Liam started to report from memory as Annette checked what he said against her notebook. She gave up halfway when he didn’t put a foot wrong. Liam ran through their visits to Warner’s second family in Antrim and Diana Rogan’s office in one minute, basically filing them under ‘nothing interesting to report’. When he reached Victoria Linton’s P.A he stopped and nodded Annette on.
“It seems that Victoria Linton wasn’t well liked, not by her P.A. and not by some of the people she’d dealt with.”
“Criminals she’d prosecuted?”
“Not just them, sir. She’d been a defence lawyer for corporate clients before she took up prosecution and she made a few enemies there as well. Her clients were mainly banks, insurance companies and the like.”
Craig knew they were in the right ball-park.
“The P.A., Natasha Nunes, had a list of people that she wasn’t to put through to Linton if they called.”
“Did you get it?”
Annette nodded and tapped a file on her lap. “I’ll give it to Davy to cross-check. Then we went to visit the boyfriend, Julian Mooney. Ms Nunes thought he might be an architect. Turns out he was an interior designer but I have to say I wouldn’t fancy him designing my house.”
“Why not?”
Liam jumped in. “’Cos his own place was a shambles. Neglected house in a rough road and if what we saw was interior design then I’ll stick with my own taste.”
Davy’s timing was perfect. “Neanderthal chic?”
Craig smiled at his droll delivery and Mike Augustus laughed out loud; they never had this much fun at the lab.
Liam drew himself upright in his chair. “Here now, I’ll have you know…”
Craig waved them both down, laughing. “I’m sure your taste is impeccable, Liam. Annette, tell us what you saw at Mooney’s house.”

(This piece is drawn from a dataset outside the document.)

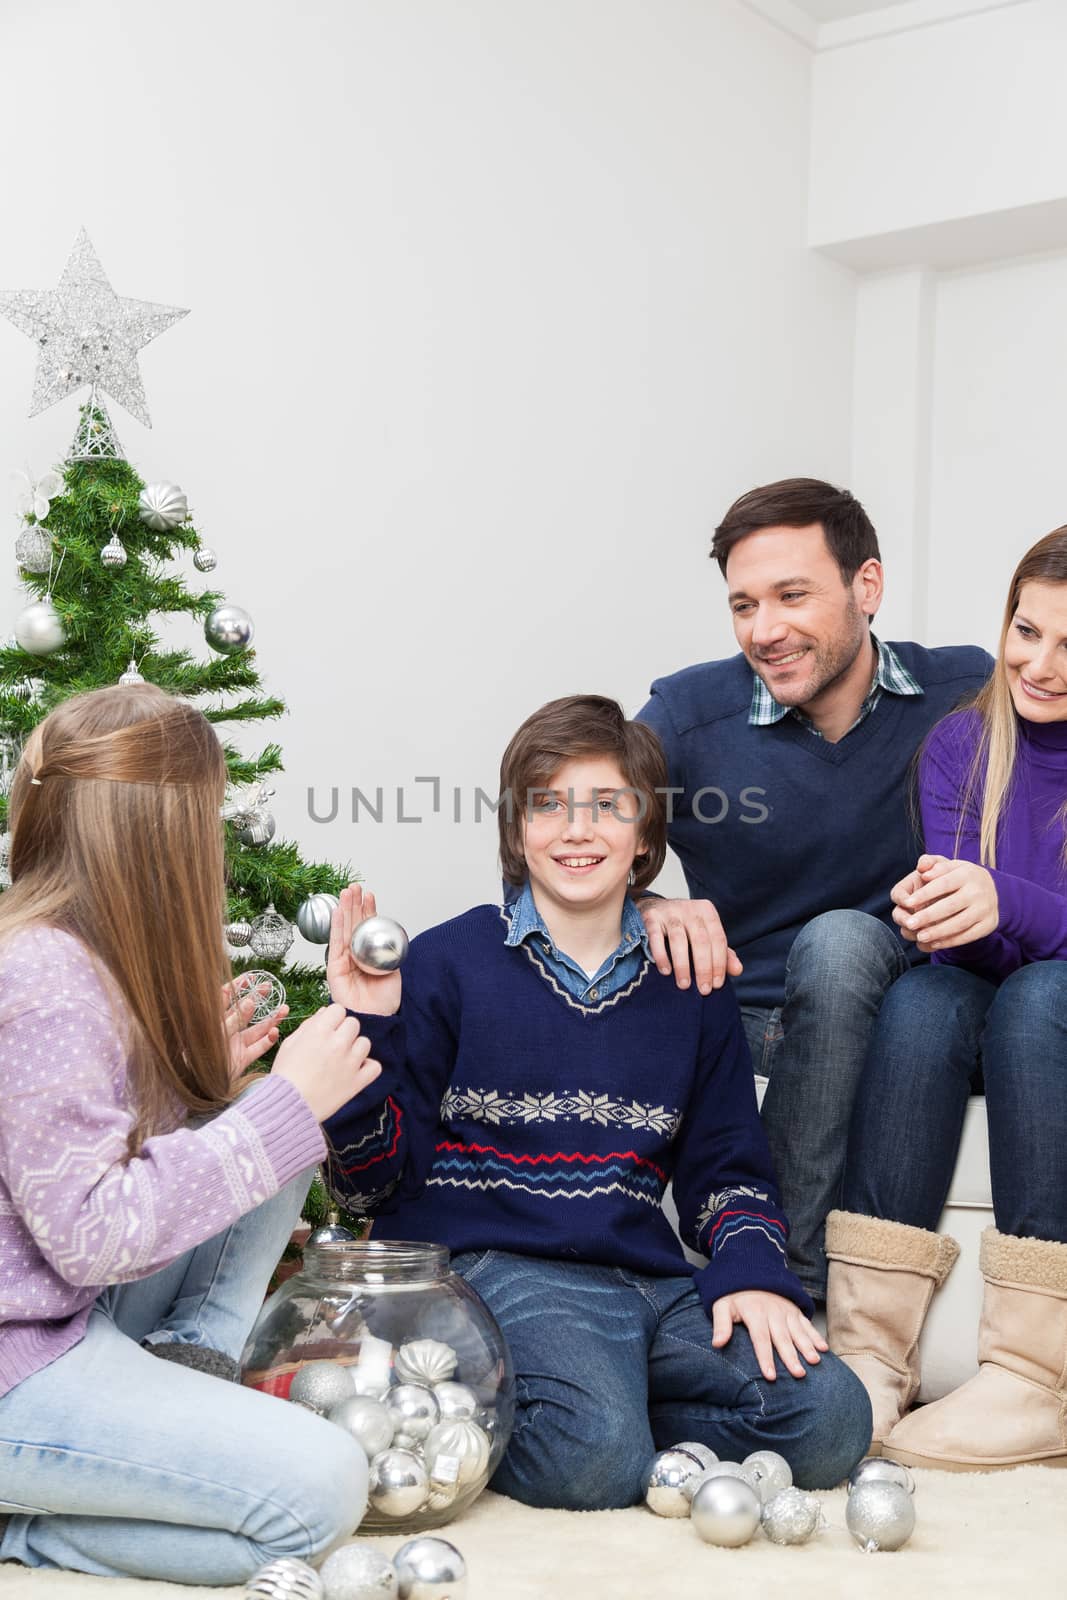 10-12, 8-10, apartment, balls, beautiful, blue, bowl, boy, brother, brothers, carpet, caucasian, celebration, child, children, christmas, cute, december, decor, decorated, decoration, festive, festivity, girl, girls, green, hanging, happiness, happy, holding, holiday, holidays, home, look, looking, camera, horizontal, house, joy, leisure, lifestyle, little, merry, model, old, open, person, property, releases, room, santa, silver, sitting, tree, years, couch, parents, 30-35, sofa, star

Annette shrugged. “To be honest Liam’s already said it all. There was no-one in so we had a quick look through the kitchen window and it was worse than most student flats. Chilly looking, sparse and dull. If Mooney’s an interior designer he’s not a very good one, unless the rest of the house is better. To be honest it looked more like a flop pad than a home.”
The group fell silent for a moment while Craig thought. “OK… Davy, check out Mooney please. We know he exists because the neighbour, James Wallace, met him. You two, go back to Linton’s development and speak to Wallace again. Davy will give you Mooney’s photo.”
“W…Well actually…”
Craig turned towards Davy, he‘d moved back to his computer and was typing something in. After a moment he nodded and returned to his seat.
“I just wanted to recheck something. I s…searched Julian Mooney on the computer when I did everyone else after Victoria Linton’s death and nothing came up on him. I parked it because he was only a partner of the victim and she was only one of several suicides, s…so he didn’t seem that important, but I’ve just run him again and there’s nothing.”
Craig frowned. “Nothing? Driving licence, passport, work history?”
Davy shook his long hair. “Nada. He’s the invisible man.”
“How is that possible?”
“W…Well, if he doesn’t drive or travel, it’s very possible he doesn’t have any passport or driving licence pictures available. And if he’s a freelance designer it might be a lot of cash in hand work.”